Seven weeks ago, the world changed. What went from scattered news reports of a virus that seemed a world away suddenly arrived on our doorstep, exploding across our screens, and changing the way we live. On the Friday before it all sunk in, I was still stopping for a coffee on my way to work, casually sitting down in a restaurant for an evening meal. By the Monday, it had all changed, and I found myself packing up my things at the office – various files, a keyboard, my formidable little desk plant – into a box, and then into the car, to make the final drive home.

The pace of change that followed – news update after news update, endlessly refreshing twitter feeds, daily then hourly announcements – was overwhelming. Another case count, another foundation of normal life shuttered. I would stare at my phone from first waking until I went to sleep, and even then sometimes throughout the night. As our world shutdown around us, we wondered if our hospitals and streets would soon look like those countries hardest hit. No one could say for sure.
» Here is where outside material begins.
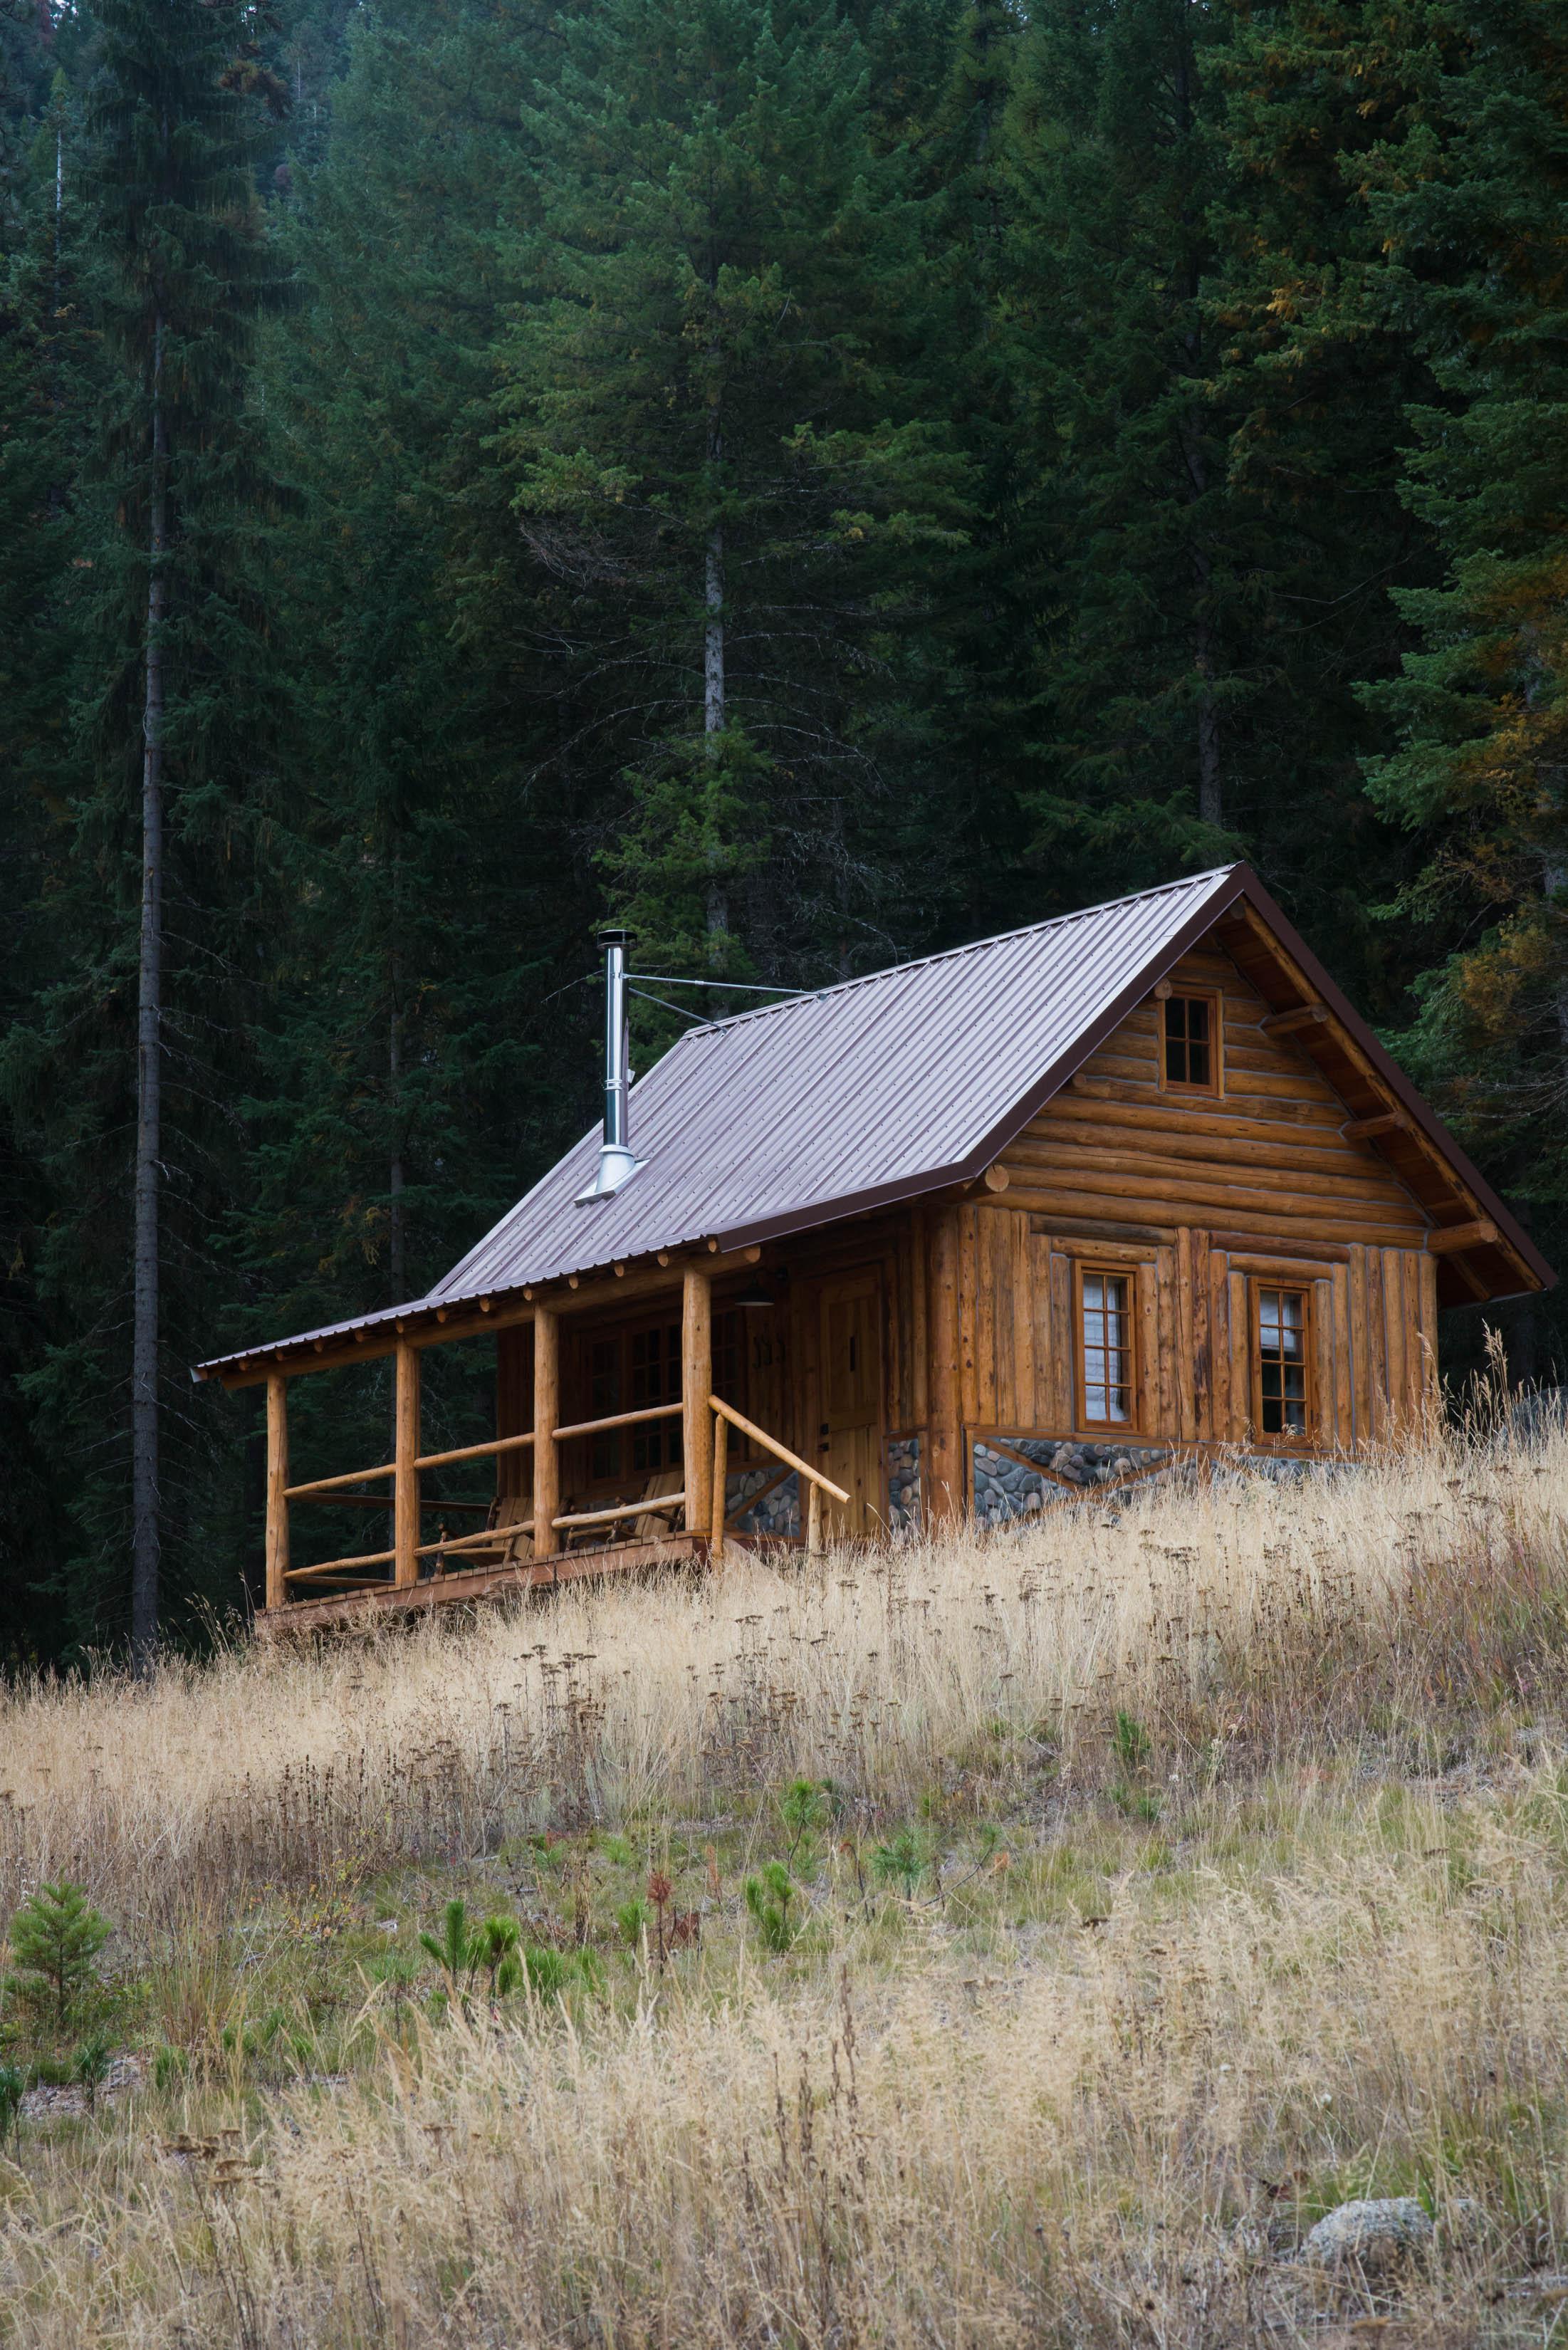 Minam_River_Lodge_Wallowa_Mountains_Eagle_Cap_Wilderness_Oregon_Autumn_2017_Please_Credit_Talia_Jean_Galvin-64.jpg

In my line of work, I found myself in acute crisis response, which I’d spend the next four or five weeks of my life consumed by. But even then, in the beginning, in the novel uncertainty of it all, I knew I was lucky. My work continues, I live in a happy home, in a safe part of the world. That gratitude hasn’t left me – I think about it often as I see local shops bordered up, businesses shuttered, lives lost. No matter how much my life has changed, I know I am fortunate to be where I am. To fill my fridge with food, to still be able to walk outside my home, to have my family safe. Many of us are, and when I talk about it with my family or friends, I can hear it resonate with them, the sobering knowledge of how different things could look.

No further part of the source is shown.